As a middle-out process, digital phenomena exist in the environment, and result in increasing uncertainty (uncertainty 2) to which individuals and institutions have to adapt through dialogue. Learning occurs within this dialogical adaptation—not focused on technology itself, but on the uncertainty it generates. Unlike other approaches to digitalization, technology is not there as a ‘thing to be taught,’ but a catalyst in the environment to coordinate expectations and discussion around inherent uncertainty. Used in this way, digitalization can be exploited as a way of realizing a deeper meaningful coordination of expectations between teachers and students.
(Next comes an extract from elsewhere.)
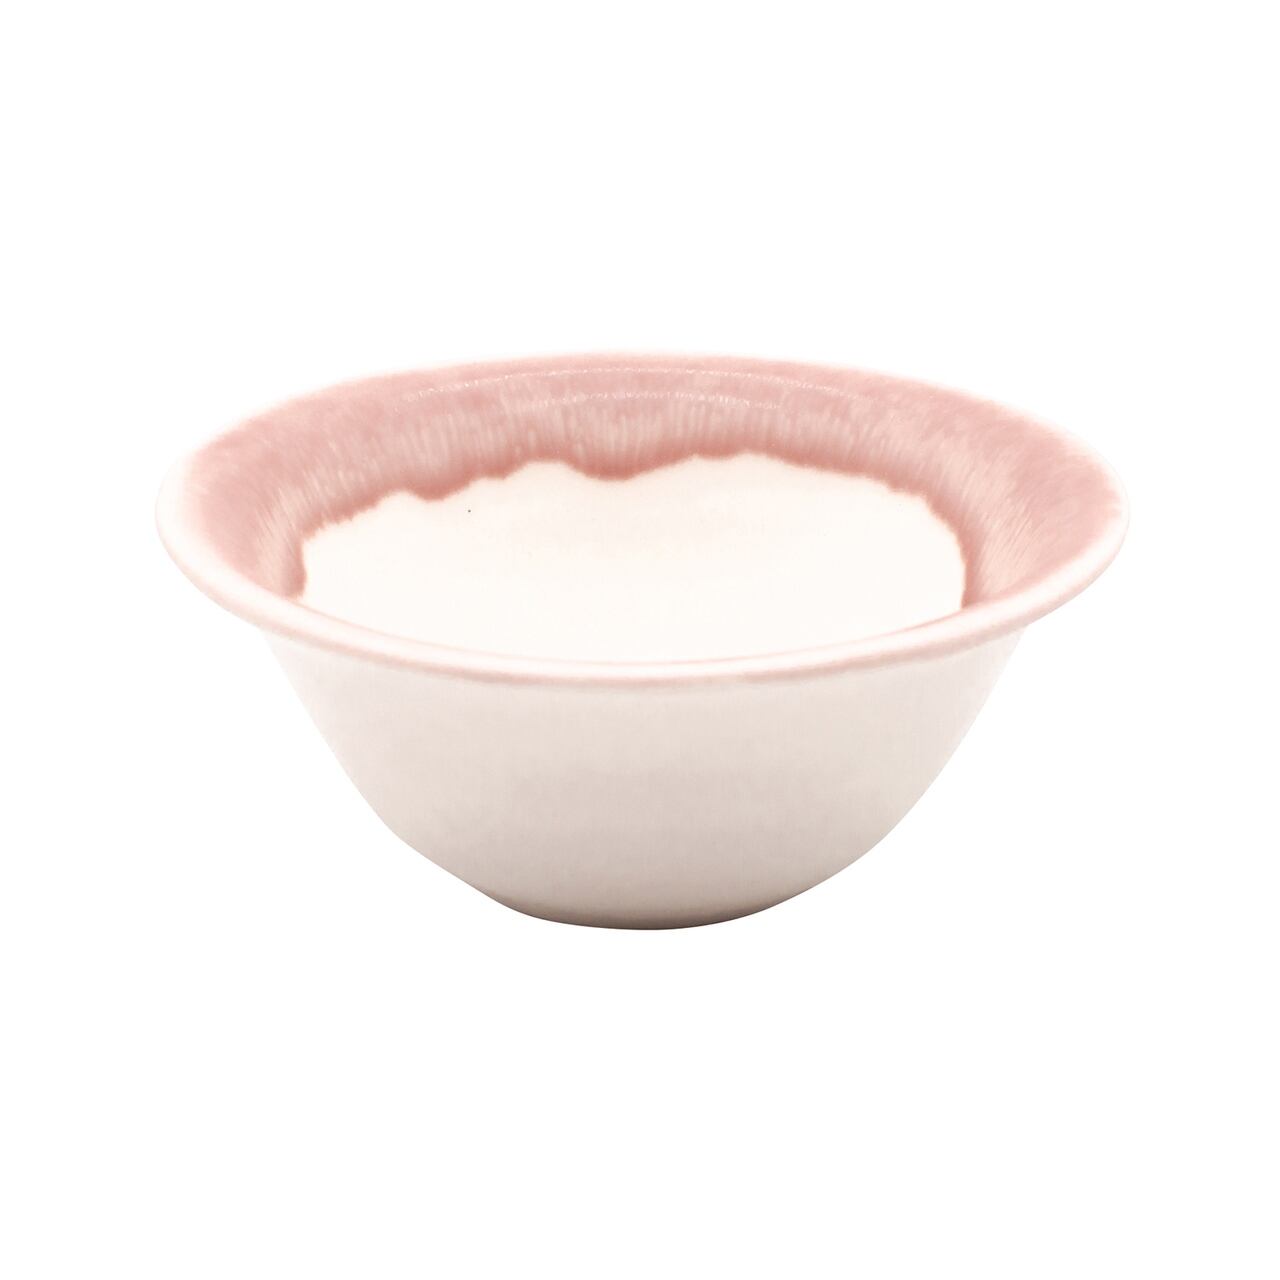 aito製作所 「 トキメキ色 」 サラダボウル 鉢 皿 約11cm プラム 美濃焼 262049

Since each individual—teacher or student—has to balance their internal uncertainty (uncertainty 1) with the uncertainty of the environment, this environmental intervention can be seen to cause a disruption to each student’s internal uncertainty management. In the context of an invitation to discuss, experiment, and create, those aspects of internal uncertainty which had been managed by the individual’s metasystem are projected into the social domain through activities and presentations. Teachers can facilitate this process, but there are many issues which arise where they too can be uncertain. Through this exploitation of uncertainty, combined with creative activities, the loop between thought, communication, and action can be explicitly operationalized through institutional structures and pedagogy.

In this way, the different environmental contexts for dialogue (for example, topics, activities, technologies, face-to-face or online) must be considered, since each context carries different levels of uncertainty: understanding the institutional dimensions of uncertainty sheds further light on the ways learners and teachers navigate and construct a dialogic space. In the conventional educational system, the principal environmental context is provided by the curriculum.

The Institutional Dimensions of Uncertainty

Viewed from the perspective of uncertainty, the curriculum provides a central regulating function within the organizational structures of educational institutions. It attenuates the complexity of the world, dictating that, for example, in the Maths class, one does not usually perform star jumps. Curriculum is the means whereby conversations in the institution are coordinated, courses designed, staff hired, and students recruited and assessed.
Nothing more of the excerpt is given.